我试图读取大csv文件(84 GB)在块与Pandas,筛选出必要的行,并将其转换为df
import pandas as pd
chunk_size = 1000000 # Number of rows to read per chunk
my_df = pd.DataFrame()
i = 1
def convert_data(value):
try:
return float(value)
except:
return float(0.778)
for chunk in pd.read_csv(path, delimiter='~', dtype={'FIELD': 'object', 'ID_TAXPAYER': 'object', 'PYEAR': 'object'}, usecols=['PYEAR', 'DATA', 'FIELD', 'ID_TAXPAYER'], chunksize=chunk_size, converters={'DATA': convert_data},engine='python'):
chunk = chunk[chunk['FIELD'].str.contains("field", na=False)]

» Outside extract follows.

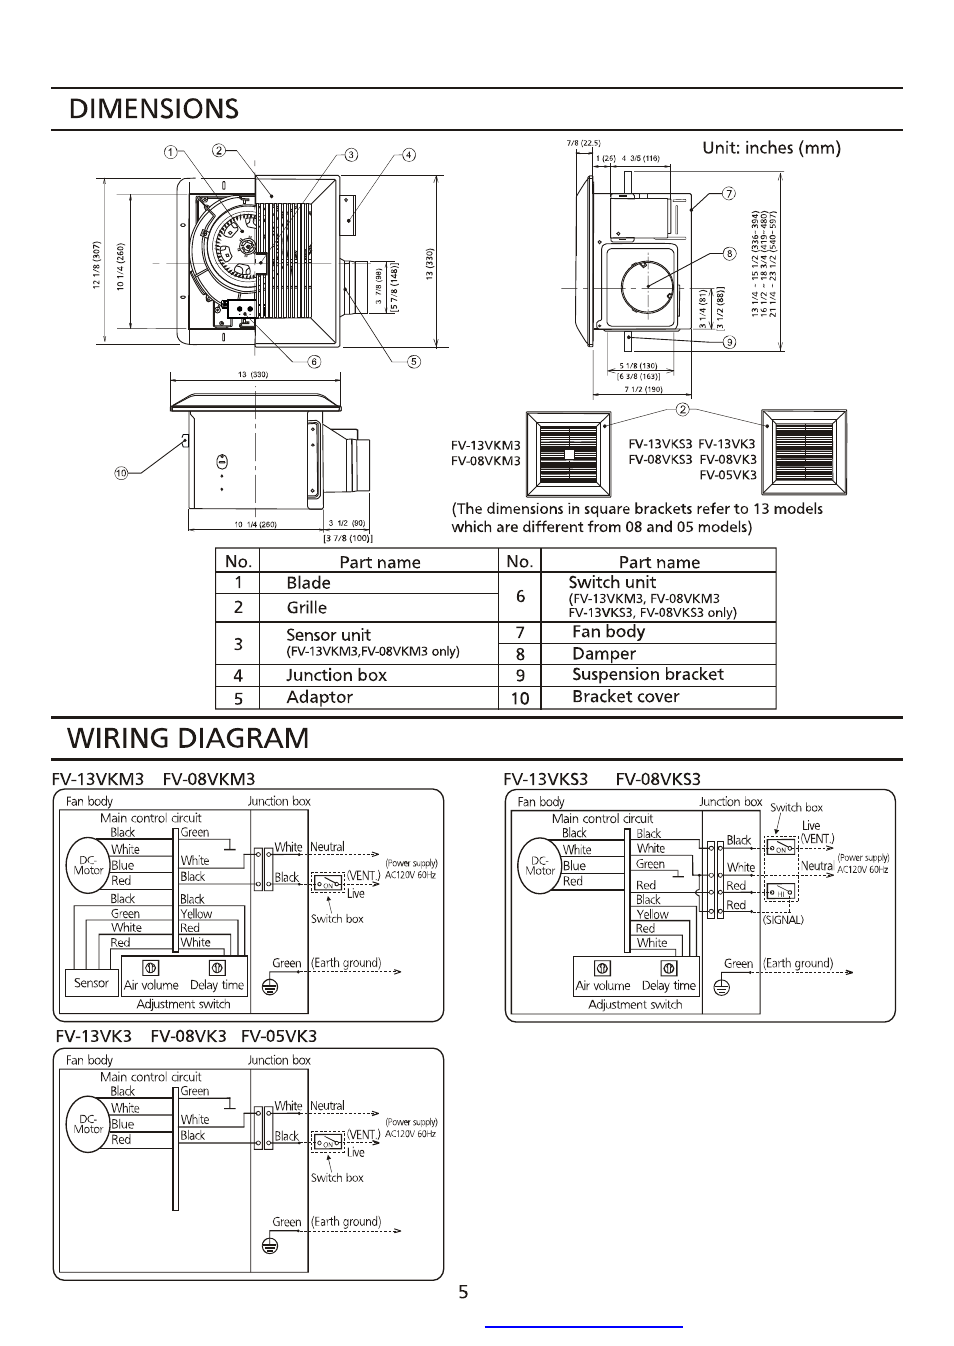 Dimensions, Wiring diagram | Panasonic FV-08VK3 User Manual | Page 5 / 12

chunk['FIELD'] = [i.replace('field_', '').replace('_', '.') for i in chunk['FIELD']]
filtered_df = chunk[chunk['FIELD'] == '910.00.001']
print(i)
i+=1
my_df = pd.concat([my_df, filtered_df], ignore_index=True)
# Print the resulting dataframe
print(my_df)
我的笔记本电脑有16 GB的内存和3. 5 GHz的CPU,4个核心。运行一段时间后,当‘i’变量达到323时,错误出现。我知道我的内存不够。但是我认为将 Dataframe 划分为块会解决这个问题。而且,我注意到随着循环的每次迭代,我的内存被填充得越来越多。我试过使用“del chunk”,但它仍然弹出我的错误在323。
有什么想法吗提前感谢你们!
MemoryError Traceback (most recent call last)
Cell In[3], line 14
11 return float(0.778)
13 # Iterate over the chunks
---> 14 for chunk in pd.read_csv(path, delimiter='~', dtype={'FIELD': 'object', 'ID_TAXPAYER': 'object', 'PYEAR': 'object'}, usecols=['PYEAR', 'DATA', 'FIELD', 'ID_TAXPAYER'], chunksize=chunk_size, converters={'DATA': convert_data},engine='python'):
15 chunk = chunk[chunk['FIELD'].str.contains("field", na=False)]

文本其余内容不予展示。